The deadline for the expiration of DACA work permits technically expired on March 5; however, federal court rulings have enjoined President Donald Trump's administration from ending the program, attacking the legitimacy and process of Trump's decision to roll it back.

Now, Texas Attorney General Ken Paxton has filed another federal lawsuit, this one in the U.S. District Court for the Southern District of Texas. Joined by Republican attorneys general from Alabama, Arkansas, Louisiana, Nebraska, South Carolina and West Virginia, Paxton's suit challenges the legality of President Barack Obama's 2012 decision to implement DACA in the first place, a policy Conservatives have long derided as unconstitutional.

Paxton's filing followed up on a threat from Texas last year to sue the federal government for inaction on the issue. That threat, the Post suggested, prompted the Trump administration to begin winding down DACA.

But that wind down has been blocked by the previous federal court rulings, meaning that U.S. Citizenship and Immigration Services has continued to accept DACA renewal applications.

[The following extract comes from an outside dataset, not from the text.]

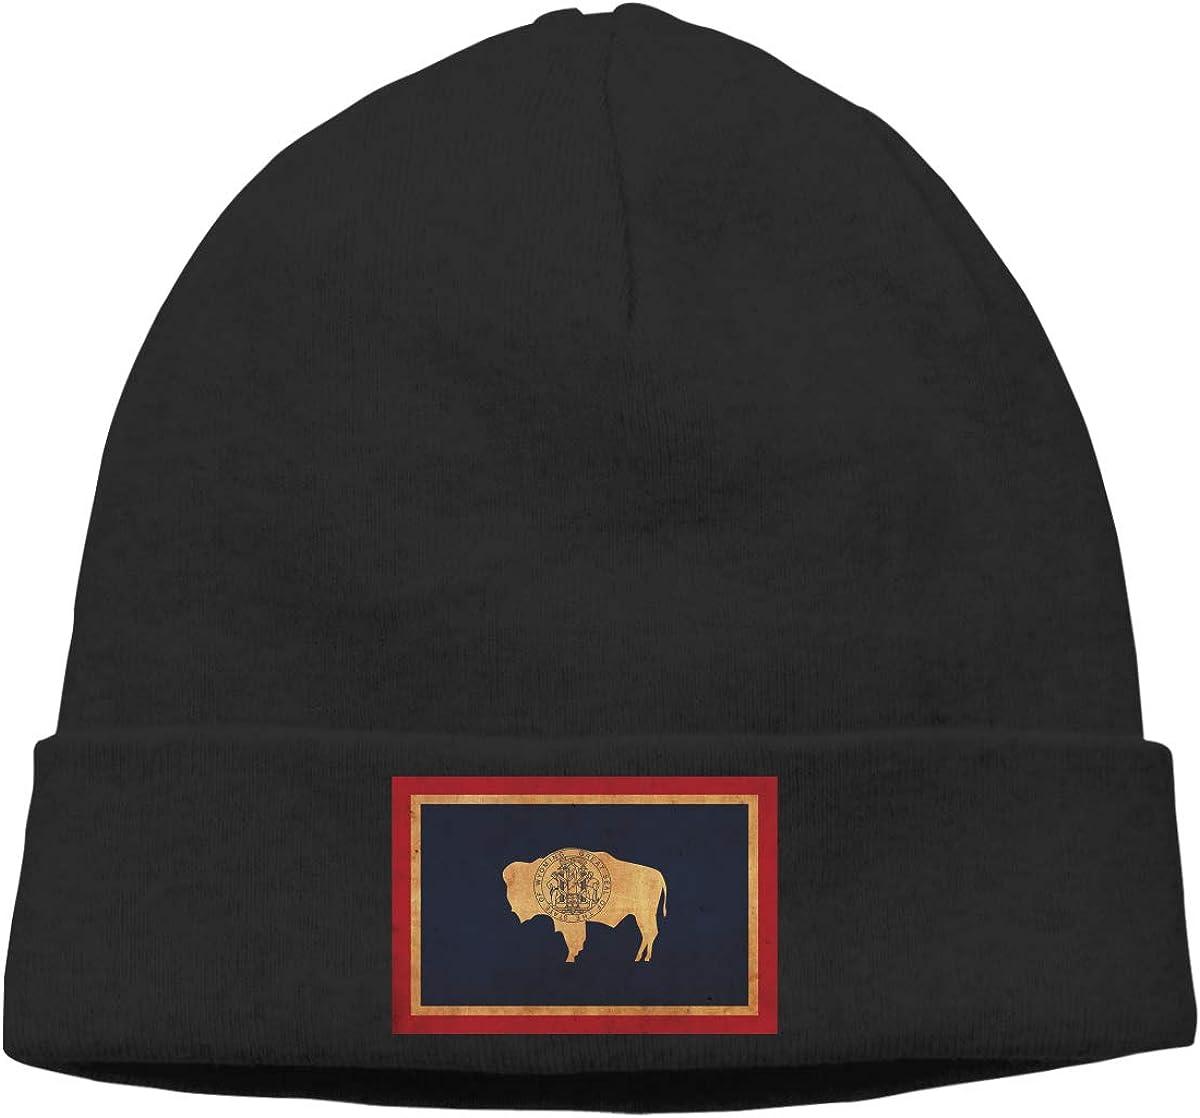 Vintage Wyoming Flag Beanie Hats Cap Men Winter Summer Serious Style Skull Cap Winter Hats

The multi-state lawsuit is not seeking the immediate deportation of DACA recipients, although it stipulates that the court could effectuate this outcome.

Rather, Texas and its co-plaintiffs said that they would be open to a solution that phased out the program over the next two years, as the Trump administration originally planned. To Paxton, this would help rectify an illegal status quo.

"Our lawsuit is about the rule of law, not the wisdom of any particular immigration policy," he said. "Left intact, DACA sets a dangerous precedent by giving the executive branch sweeping authority to ignore the laws enacted by Congress and change our nation's immigration laws to suit a president's own policy preferences."